Sebut saja, Jawa Barat yang kekurangan pasokan gas. Sementara itu, Jawa Timur kelebihan produksi gas. Solusinya adalah membangun pipa transmisi dari Jawa Timur ke Jawa Barat.
"Nah, kembali lagi kalau kita bicara per daerah, itu akan sangat tergantung dengan infrastruktur," kata dia.
Untuk memenuhi itu, ada sambungan pipa Cirebon-Semarang (Cisem).
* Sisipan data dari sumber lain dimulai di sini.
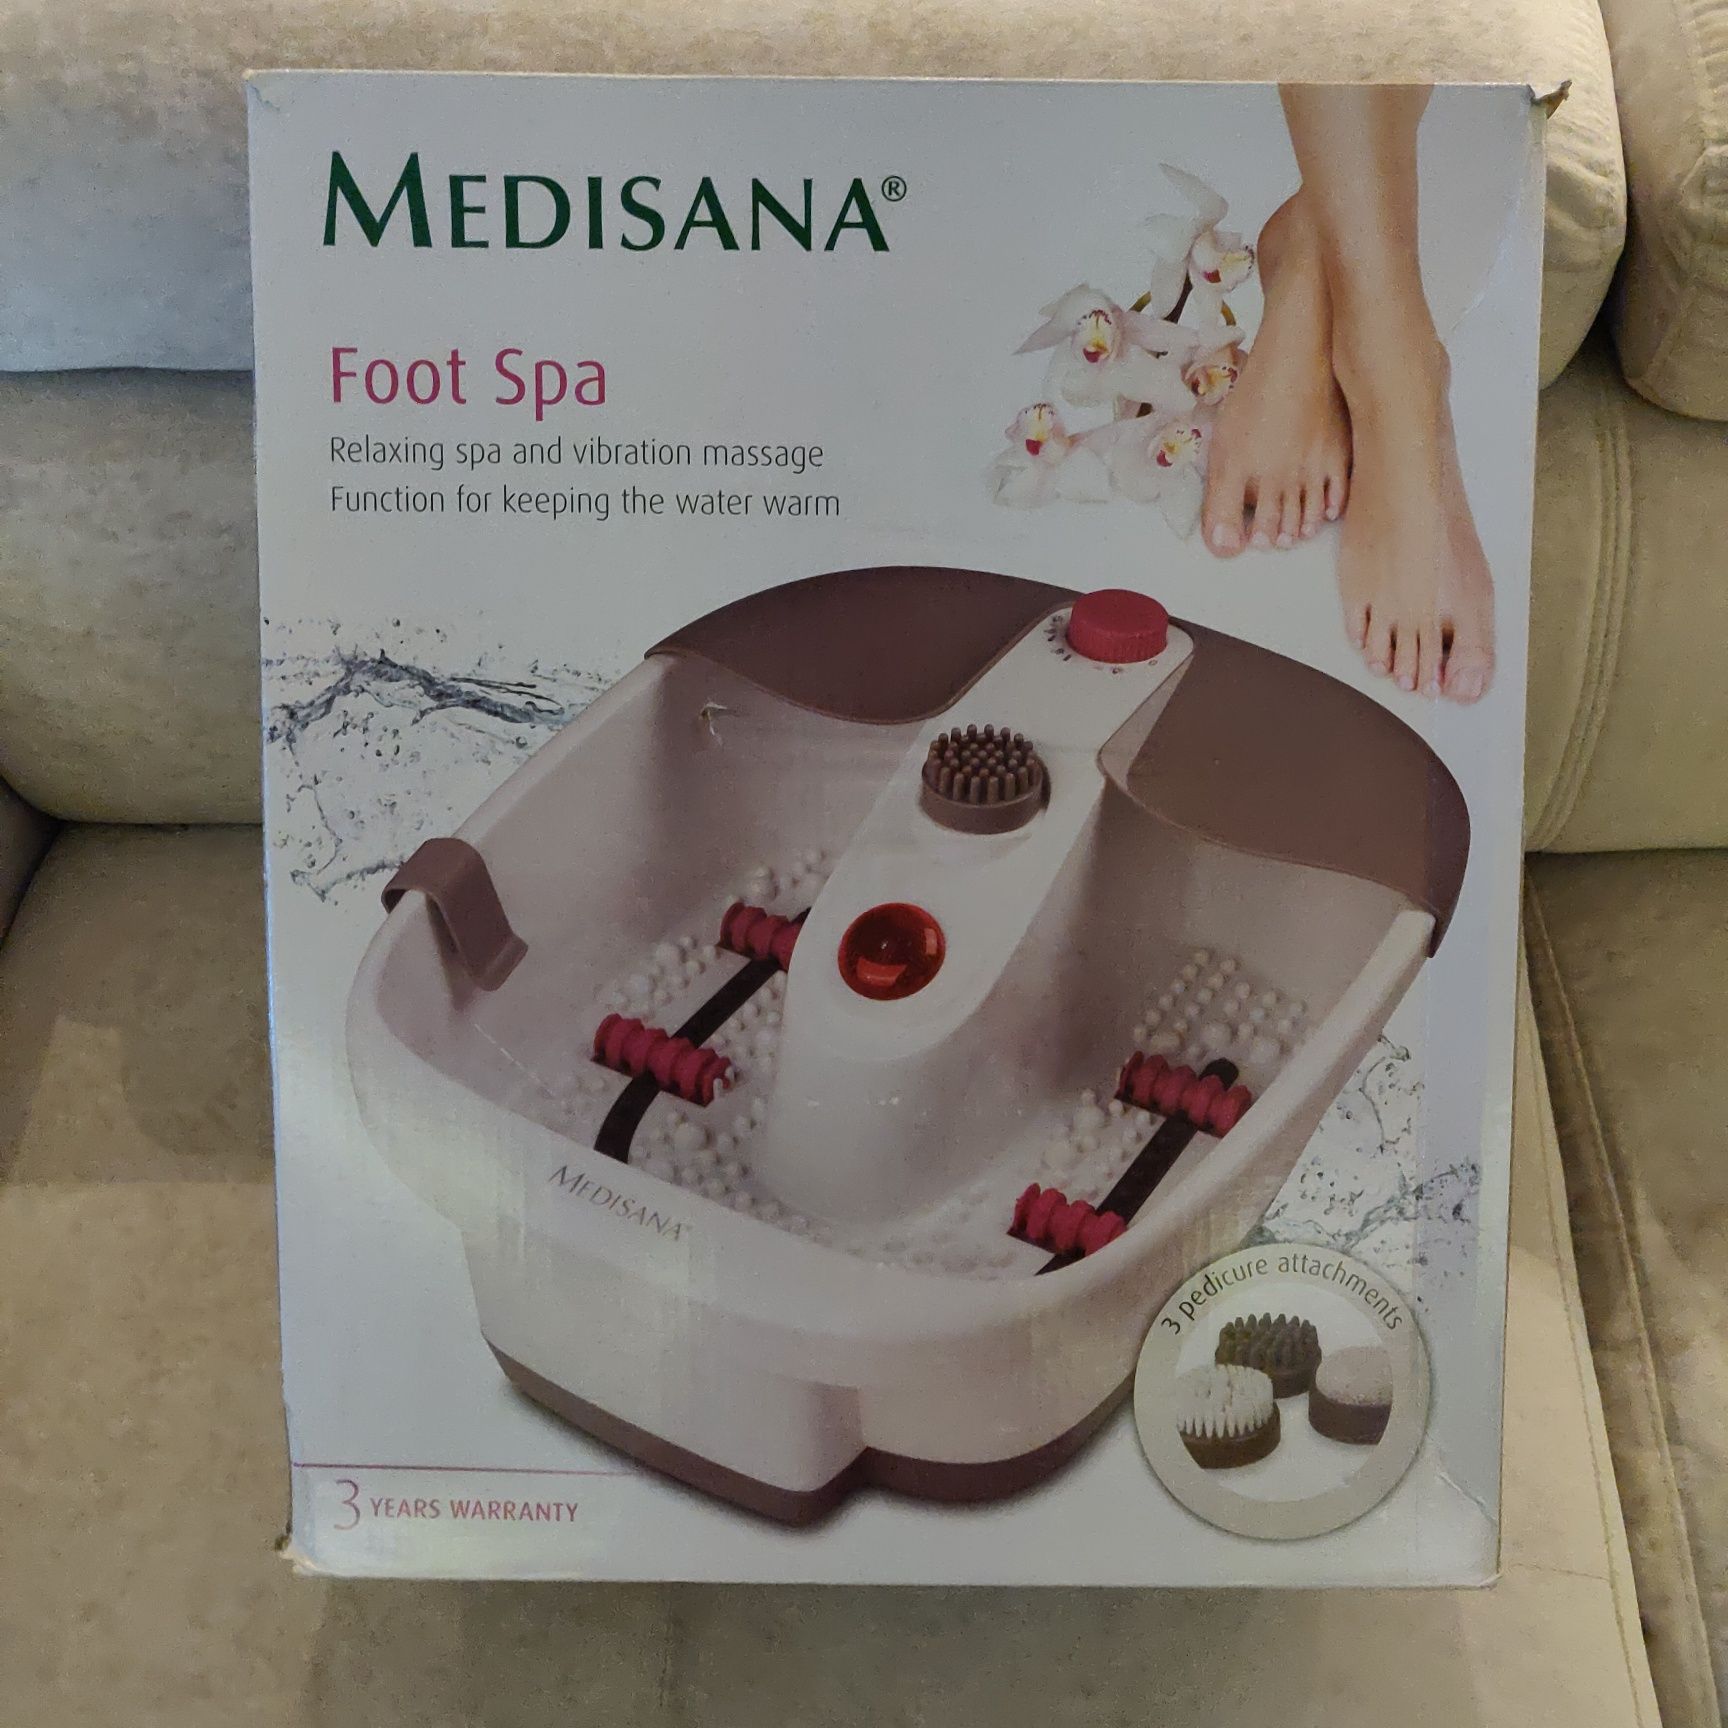 Medisana foot spa

Targetnya, pipa transmisi gas itu tersambung hingga Cirebon pada akhir 2025 mendatang. Di samping itu, kebutuhan gas Jawa Barat juga bisa dipasok dari Sumatera.
"Kita sudah cukup lama memberikan sinyal bahwa Jawa Timur kelebihan gas, sedangkan Jawa Barat, kita tahu sudah cukup lama memang Jawa Barat dari sisi kapasitas *supply*, itu sendiri *shortage*, makanya dari Jawa Barat itu disuplai dari Sumatera bagian tengah, Sumatera bagian selatan untuk mengalir ke Jawa Barat," paparnya.